See? Pretty and practical. I got the heart print bias binding from Remnant Kings - it was the first time I'd been there in years and they had so much good stuff I had to really restrain myself from planning all the craft projects.
My cousin is almost fifteen and likes pretty much the opposite of everything I do, style-wise. (Our opinions on various You-Tubers are definitely corresponding though.) Still, I couldn't resist making her something and figured a simple scarf would be safe enough. This one took 300g of chunky yarn, a whole bunch of garter stitch and an old furry cowl, cut up and refashioned into giant pompoms. I think it worked out ok, especially when I saw an identical one in the window of Next a few weeks ago.
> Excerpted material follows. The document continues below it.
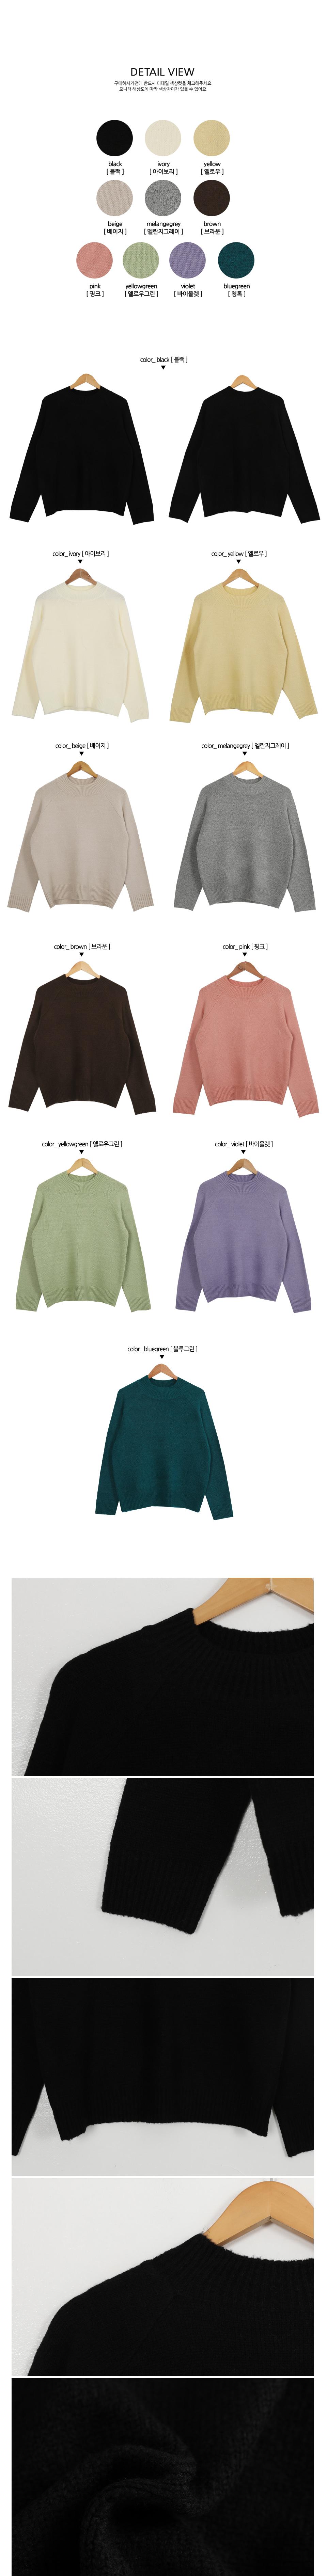 Melingvan Turtleneck Knitwear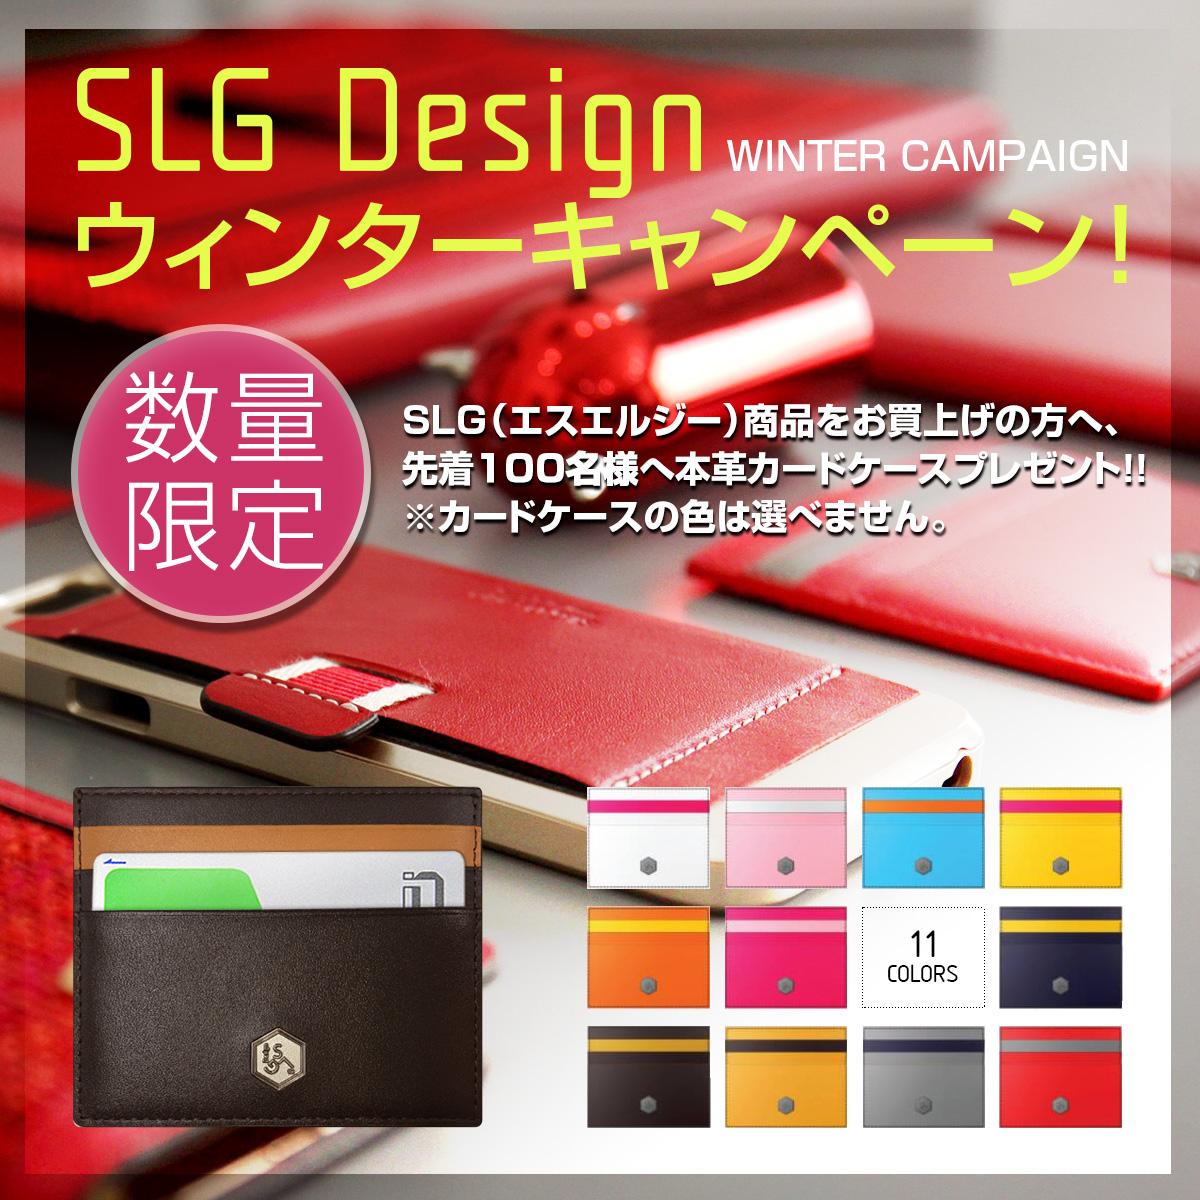 モバイルケースブランド、SLG Designウィンターキャンペーン開催!

Hey, I'm trendy after all! It's debatable whether she'd think Next was the definition of what's in style right now, but she did a good job of looking pleased with it all the same.
I'm glad I managed to make some time for handmade gifts this year. I've been trying to buy locally and/or secondhand more recently but when it comes to gifts, it's hard to say 'I'm not getting you something you asked for because I don't want to give that retailer money.' I try to stick to making useful things that suit the recipient's style, but it can be difficult to predict how much that person will like this thing, so really I just went with what I thought would work and hoped for the best. The only thing that needs work with my method is carving out more time to make even better gifts next year...
Who else made handmade pressies this year? Or get any good ones?